[Material for the task]:

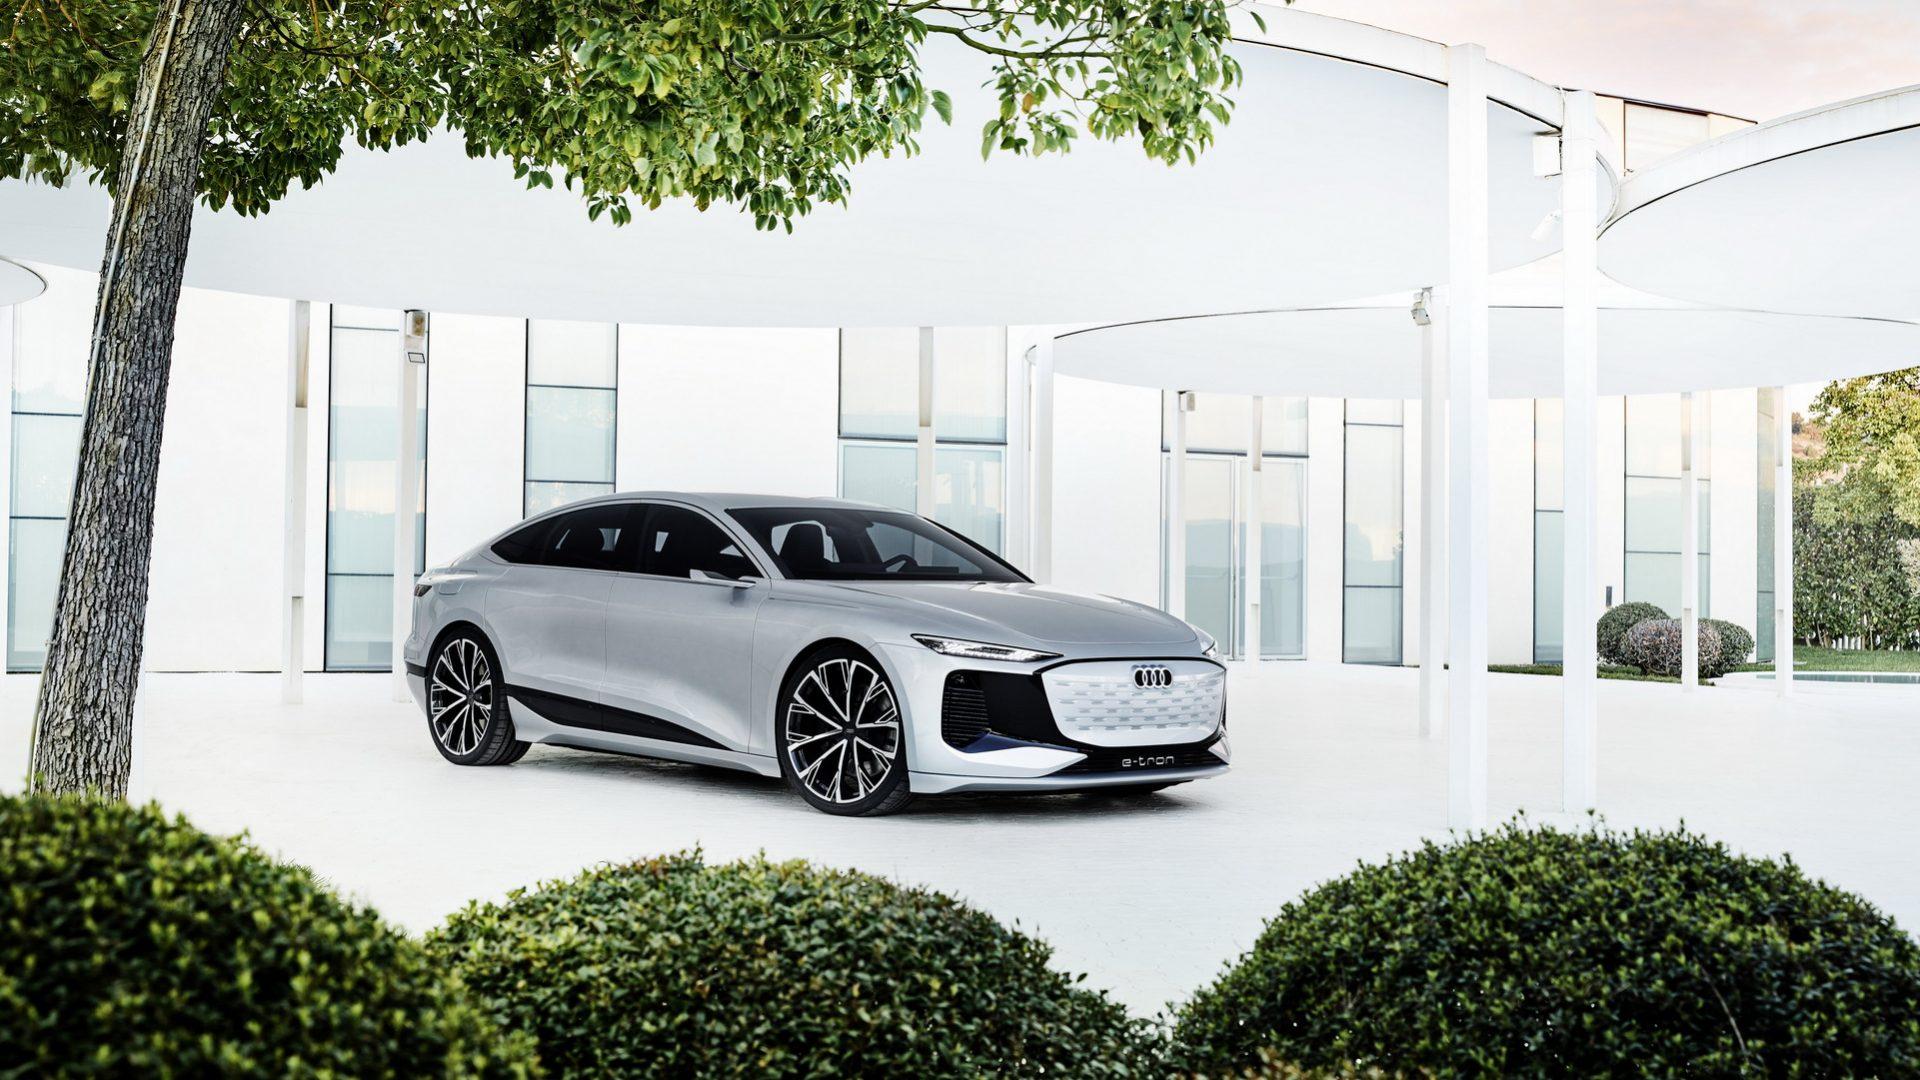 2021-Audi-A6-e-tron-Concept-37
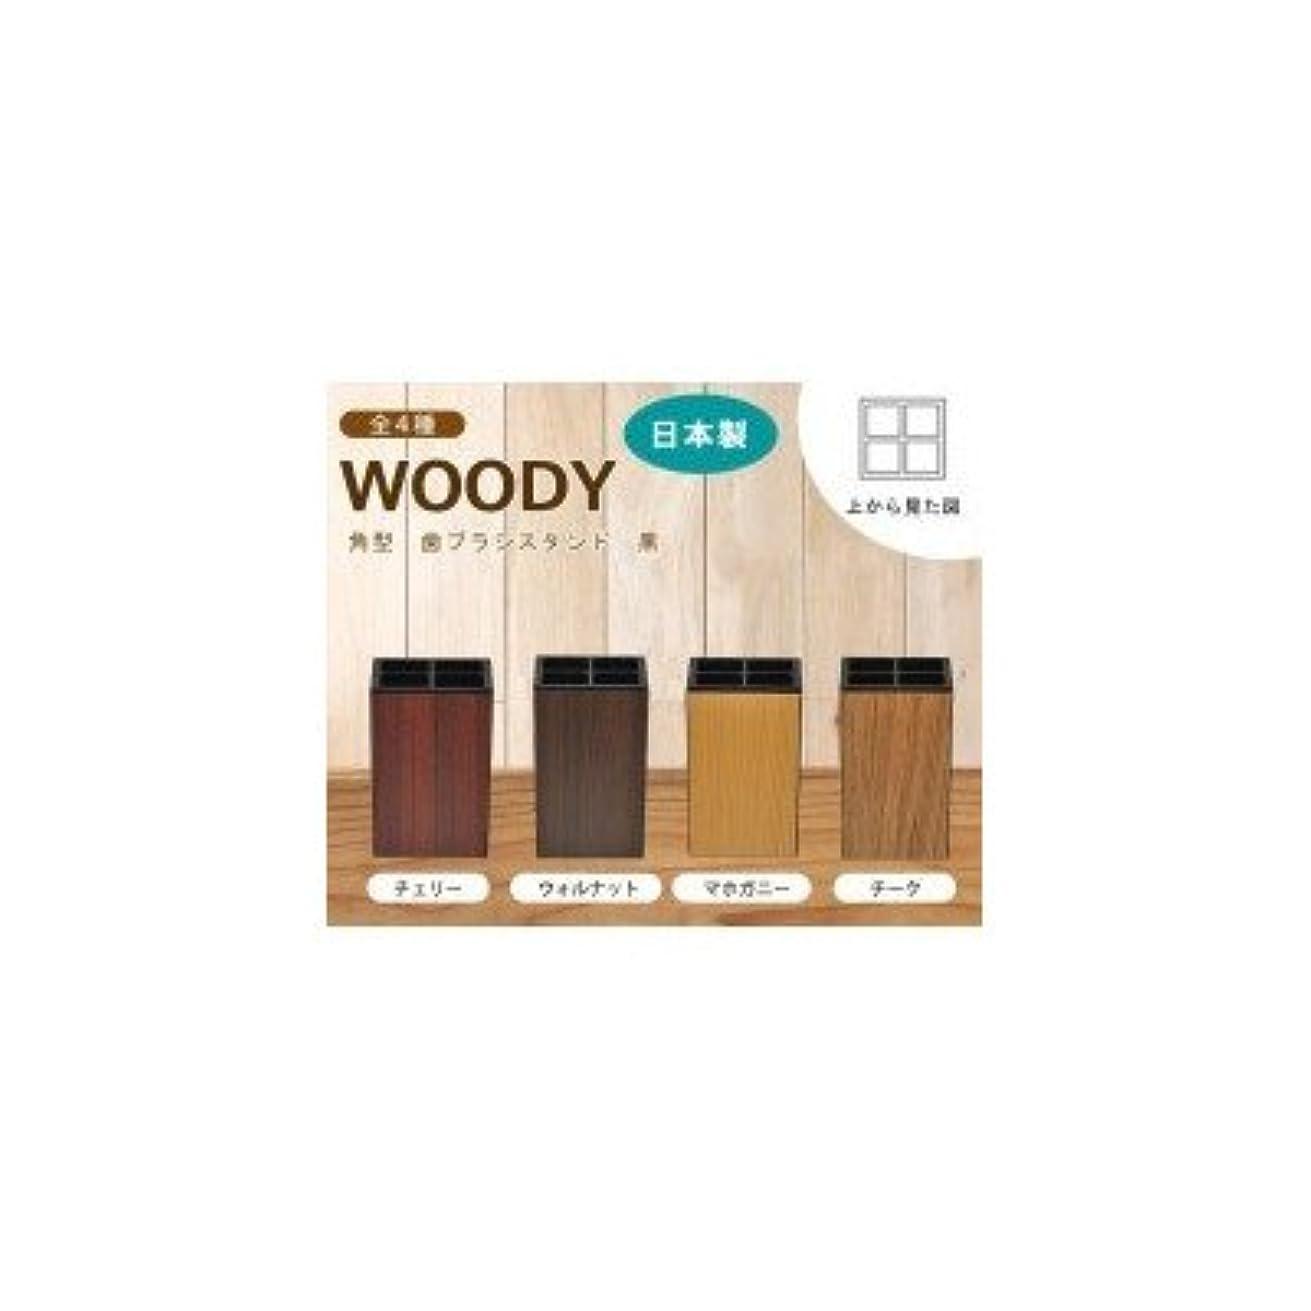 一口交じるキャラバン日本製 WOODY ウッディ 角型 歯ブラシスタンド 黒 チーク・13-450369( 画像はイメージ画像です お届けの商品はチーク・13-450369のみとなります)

---

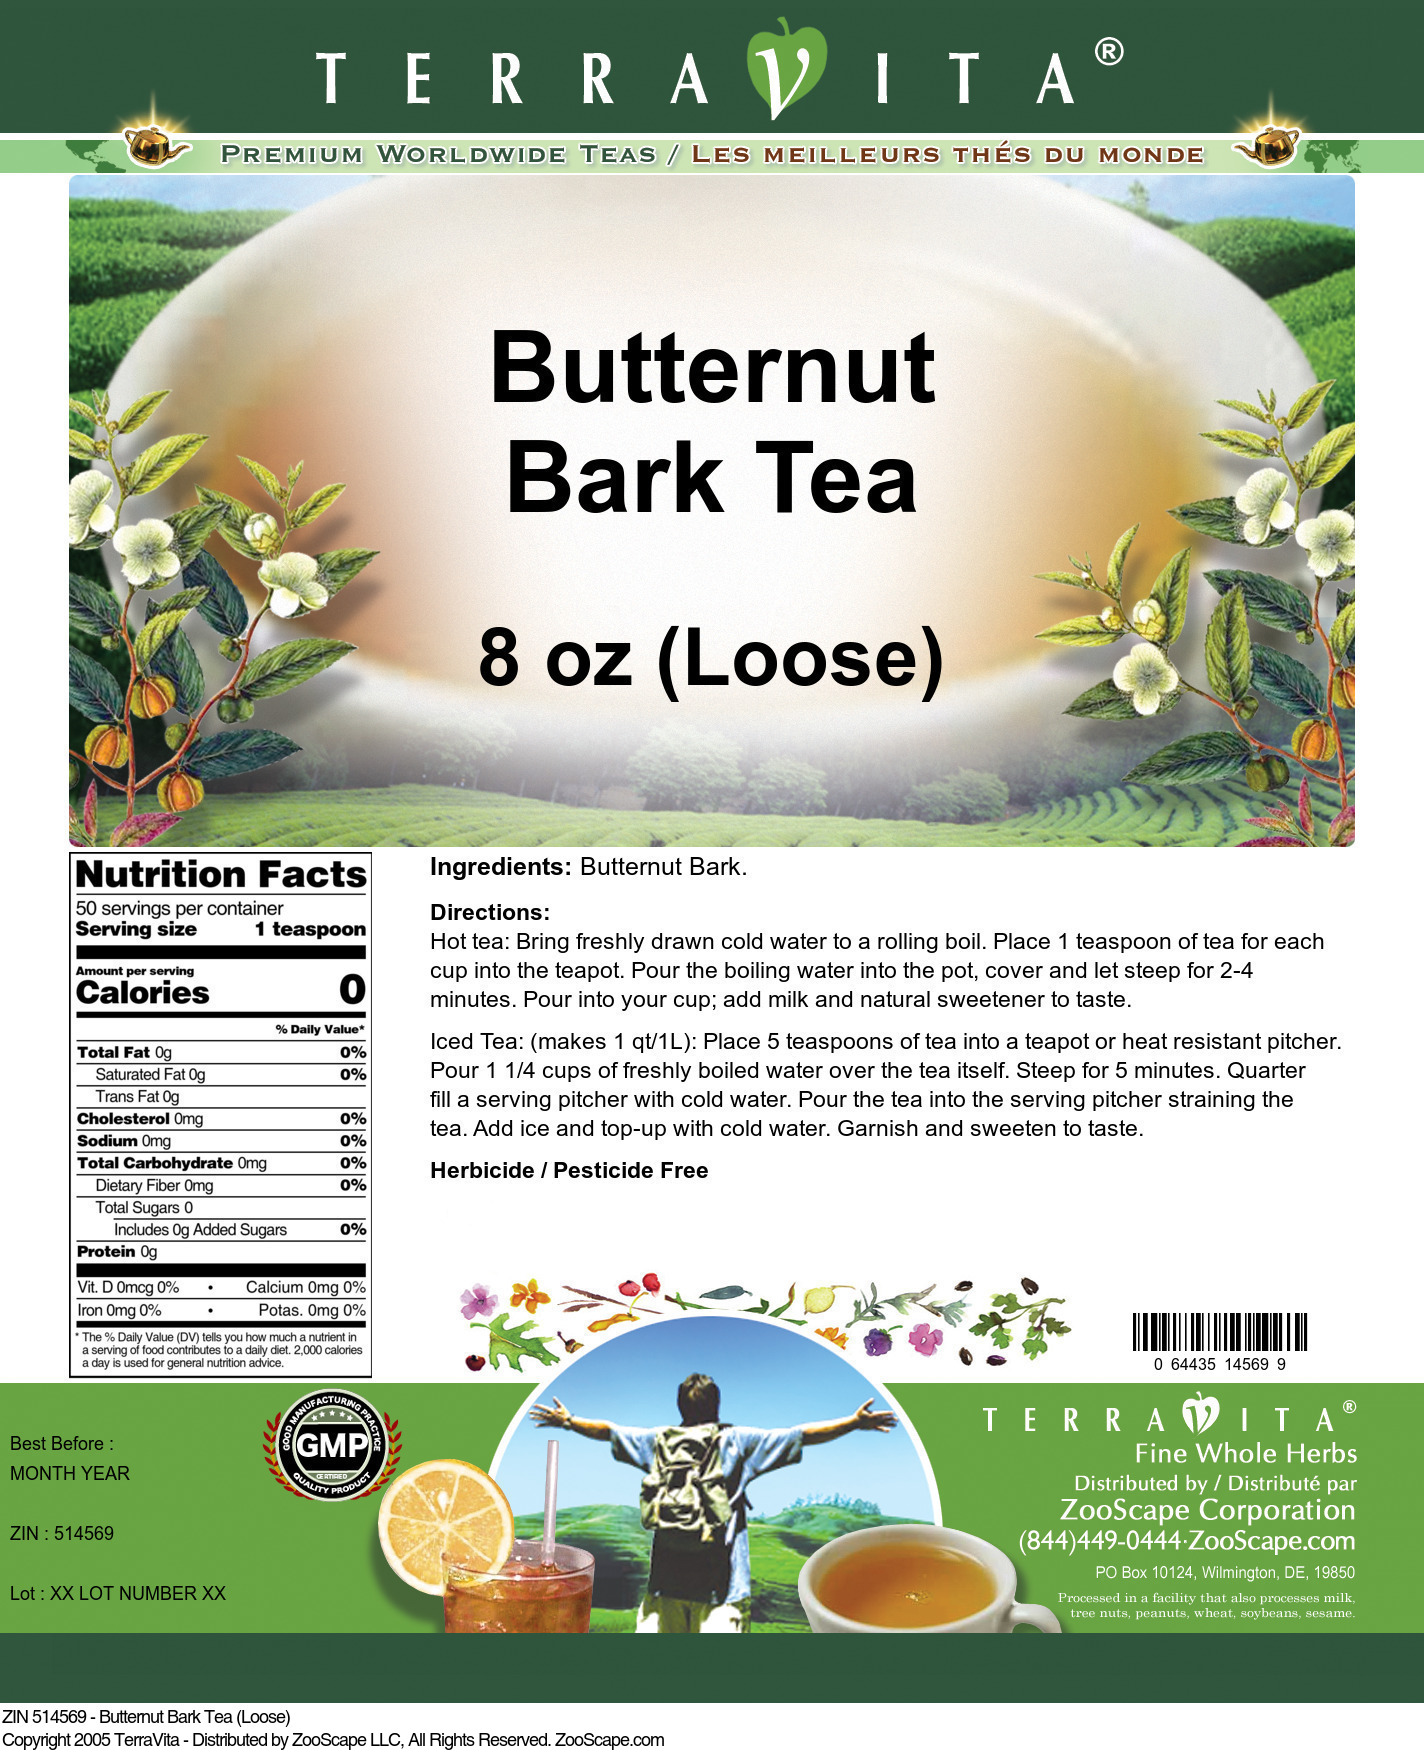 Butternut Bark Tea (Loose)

[Exercise aim]: In the listing above, find the line with "2021-Audi-A6-e-tron-Concept-37" and the line with "一口交じるキャラバン日本製 WOODY ウッディ". Output both, plus every line between them, and no pictures.

[Task solution]:
 2021-Audi-A6-e-tron-Concept-37
 一口交じるキャラバン日本製 WOODY ウッディ 角型 歯ブラシスタンド 黒 チーク・13-450369( 画像はイメージ画像です お届けの商品はチーク・13-450369のみとなります)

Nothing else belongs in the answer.